Fruchtknoten und Stiel:

Stielchen lückig und schwach behaart, grün bis bronzefarben, teils etwas violett
Tragblätter:

lanzettlich, auch die unteren meist kürzer als die Blüten, die oberen sehr kurz; m.o.w. waagrecht abstehend


Blüten:

sehr klein, variabel, grünlich, Rottöne fehlen meist; fast waagrecht ausgerichtet bis deutlich hängend (v.a. bei Trockenheit); meist kleistogam, seltener glockig geöffnet, Blütenblätter von außen an der Basis gelblicher als der Fruchtknoten
Bestäubung autogam

Sepalen:

7–8 x 1,7 mm, das mittlere etwas kleiner, länglich oval bis oval, grün, außen an der Basis etwas heller als der Fruchtknoten, seitliche Sepalen in der basalen Hälfte verbreitert

Petalen:

etwas kleiner, breit eiförmig, spitz, etwa 6 x 3,9 mm, oft ein wenig heller als die Sepalen, blass gelbgrün, gelegentlich an der Basis leicht rosa

Hypochil:

oval bis länglich oval, tief, 3–4 x 2,5 mm, außen weißlich, innen hellbraun, kaum Nektar führend
Durchgang zwischen Hypo- und Epichil: oft eng, teils schlüssellochförmig; mit breitem Kragen, der sich teils weit nach hinten das Hypochil entlang ziehen kann

Epichil/Kalli:

meist dreieckig, oft so lang wie breit und gleichmäßig nach unten gebogen, ca. 2,5 x 2,5 mm; weiß mit leicht rosa angehauchtem, dreiteiligem, wenig auffälligem Kallus

Gynostemium:

Klinandrium und Rostellum in der Regel voll entwickelt, kleines Viscidium anfangs vorhanden aber fast immer funktionsunfähig; Anthere sehr kurz gestielt, oft sitzend
Pollinien anfangs kompakt, schnell krümelig werdend
Narbe weist schräg nach unten, manchmal fast dreieckig
Pflanzen mit „muelleri-Säule“ kommen selten vor.


Blütezeit:

sehr kurz;
(M) E 7 (– A8)

Variabilität:
Epipactis majellensis variiert in der Blüte relativ stark.

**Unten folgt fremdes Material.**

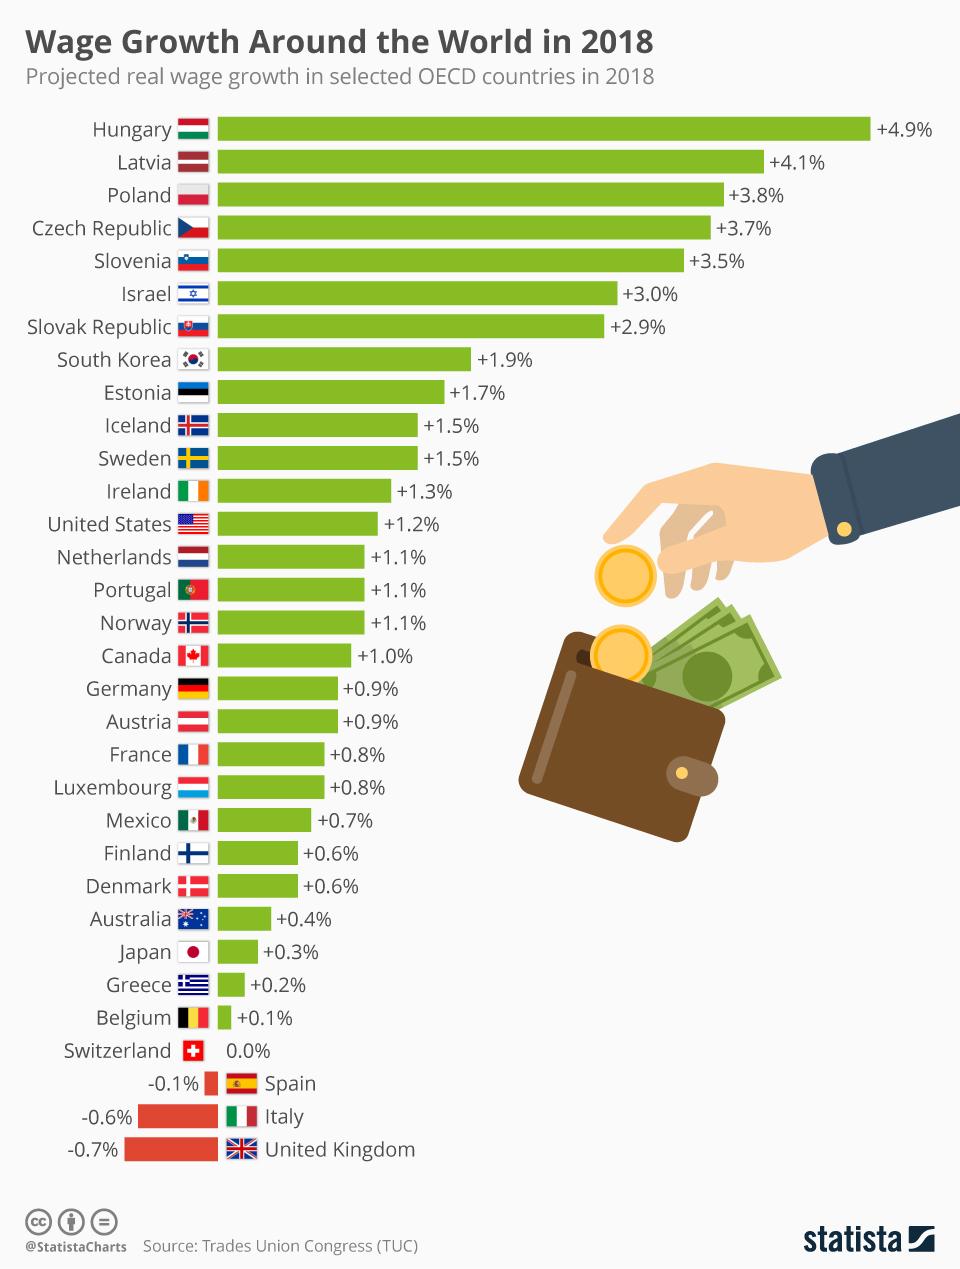 chartoftheday_12407_wage_growth_around_the_world_in_2018_n.jpg

Dies betrifft die Epichilform, den Durchgang und sogar den Säulenbau.
Verwechslungsmöglichkeiten:
Durch ihren zierlichen, dünnstängeligen Habitus mit den meist kleistogamen Blüten ist sie kaum zu verwechseln. Allerdings kommen im Gebiet auch relativ zierliche Ep. helleborine-Typen und eine noch ungeklärte, ähnliche allogame Sippe vor. Hinsichtlich des Habitus ist Ep. pontica am ähnlichsten, die jedoch etwas kräftiger ist und völlig andere Blüten besitzt. Auch Ep. sanguinea und Ep. cordigera können ähnlich sein, blühen aber gewöhnlich nicht kleistogam, haben anders gefärbte und abweichende Blüten mit schmäleren Blütenblättern. Die schräg liegende Säule ist in allen anderen genannten Arten nicht vorhanden.
Verbreitung

Gebiet:

Die Sippe wurde bisher nur auf der Ost- und Nordseite der Majella gefunden. Hier dürfte sie allerdings noch weiter verbreitet sein, da sie sehr leicht zu übersehen ist.

Höhe:

1050 - 1175 m


Abb. 4
Italien, Chieti, Pretorio, L. typ., 29.07.2018
Foto: HP

Stand 2020
Verbreitungsgebiet
Kartenquelle: www.mygeo.info
Standort

Boden:

basisch, auf steinigen, humusreichen Böden

Exposition:

hauptsächlich nordexponiert, gern in Verebnungen

Biotoptyp:

Die Art besiedelt Buchenwälder mit ausreichendem Niederschlag. Sie bevorzugt krautarme, lichte Bereiche, kommt aber auch zwischen niedrigen Kräutern vor.

Besonderheiten
Sterile Pflanzen sind für eine autogame Art auffallend häufig. Der Prozentsatz dürfte bei nahe 10% liegen. Bei Trockenheit öffnen sich die Blüten an Stellen mit wenig Restfeuchtigkeit im Boden gar nicht, werden aber befruchtet (Autogamie). Auch in feuchten Jahren sind nur einzelne Blüten glockig geöffnet.

Problematik
In der Majella gibt es sehr ähnlich aussehende allogame Pflanzen, die allerdings allogam sind und etwas später blühen. Ob sie zu dieser Art zu ziehen sind, ist noch nicht geklärt.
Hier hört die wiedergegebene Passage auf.